Facebook is building a Clubhouse rival, The New York Times reported in February. But what that product will look like or how it will work have been questions that have remained unanswered. However, new screenshots of a Facebook audio product, still under development, show what appears to be a live audio broadcast experience that’s more of an extension of Facebook’s existing Messenger Rooms, rather than a standalone app experience. Facebook confirmed with TechCrunch the images are indeed examples of the company’s “exploratory audio efforts,” but cautioned that they don’t represent a live product at this time.
The company said also that detailing what a product may look like based on these images would be inaccurate. We’ve decided to publish them anyway with the caveat that, of course, in-development features are very different from live products. Anything and everything could still change between now and a public launch.

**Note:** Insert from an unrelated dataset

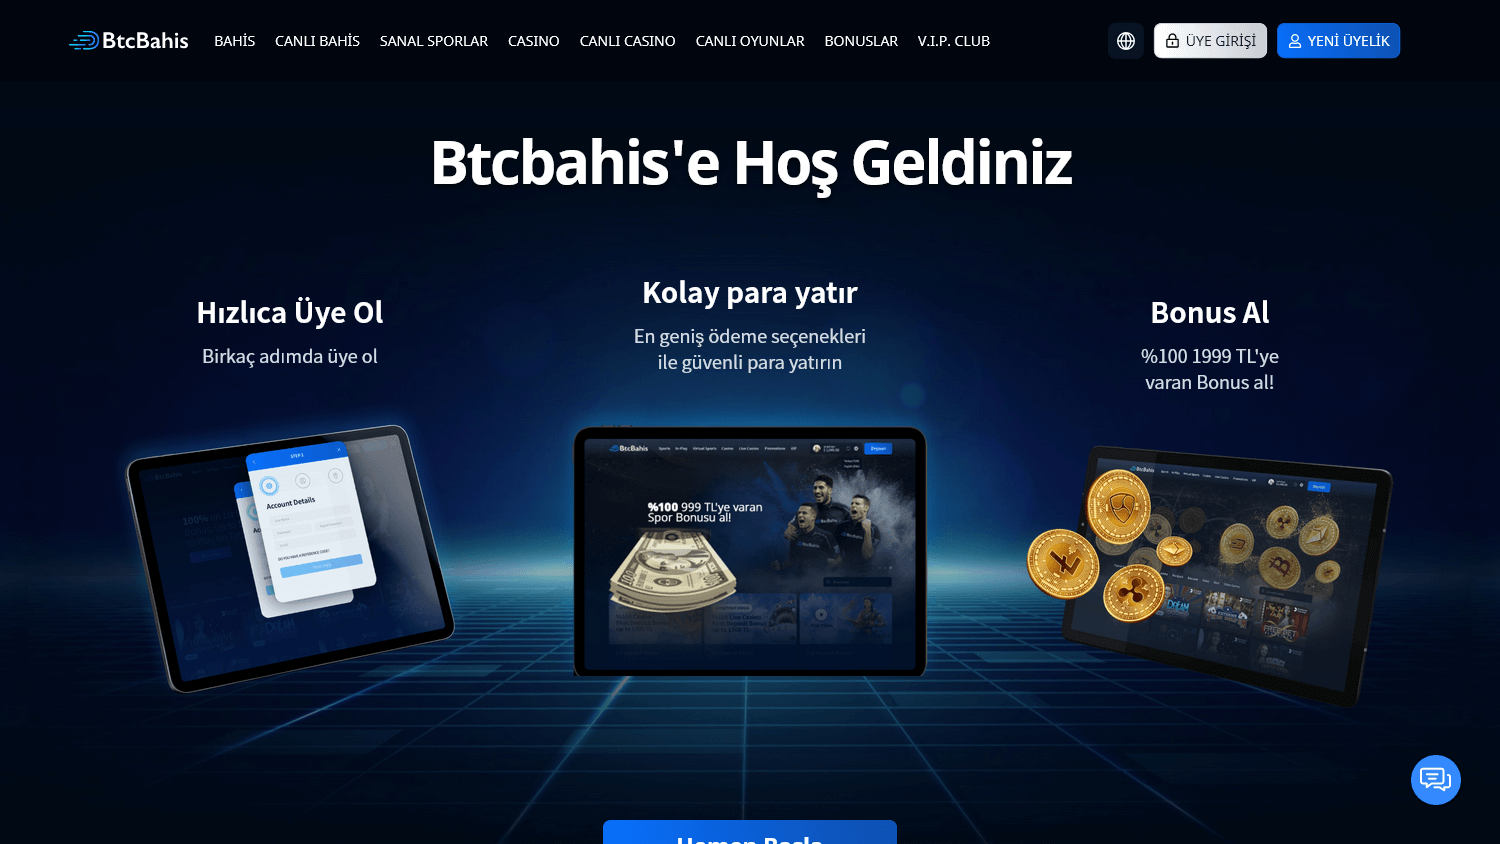 btcbahis_casino_homepage_desktop
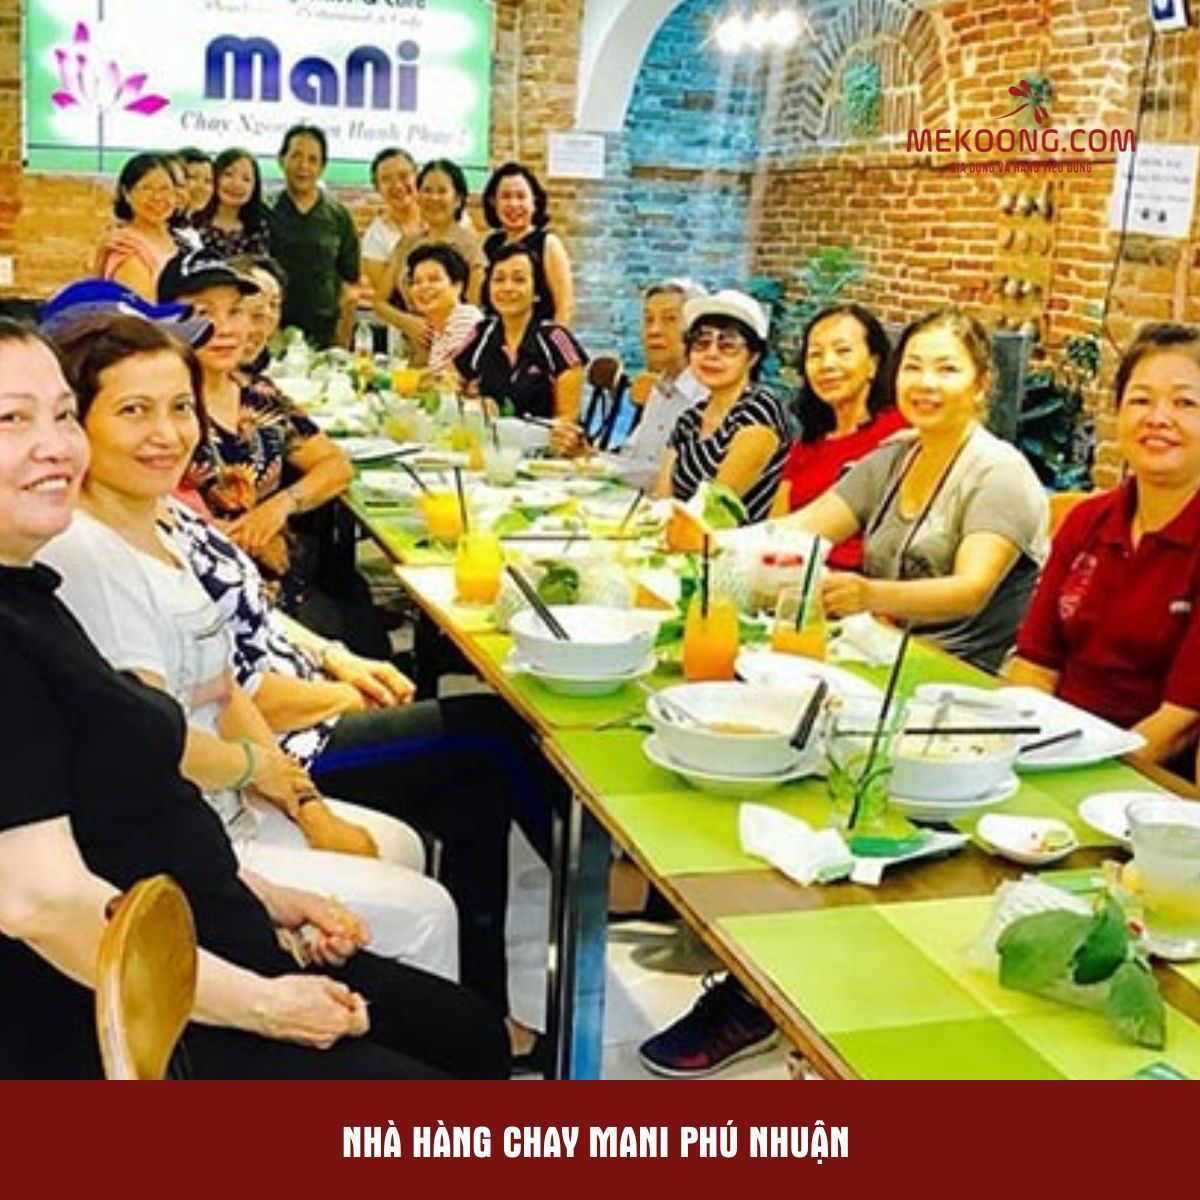 Nhà hàng chay Mani Phú Nhuận

But the images at least help demonstrate how Facebook is thinking about live audio and where such a social experience could fit within Facebook’s existing app. And that’s worth considering.
The photos themselves have been shared by mobile developer and reverse engineer Alessandro Paluzzi, who came across Facebook’s live audio developments and user interface experiments within the Facebook Android app’s code. Like other reverse engineers, Paluzzi digs around in the code to uncover unreleased products in various stages of development. Some of the products he finds are tested and scrapped, while others eventually make it to market.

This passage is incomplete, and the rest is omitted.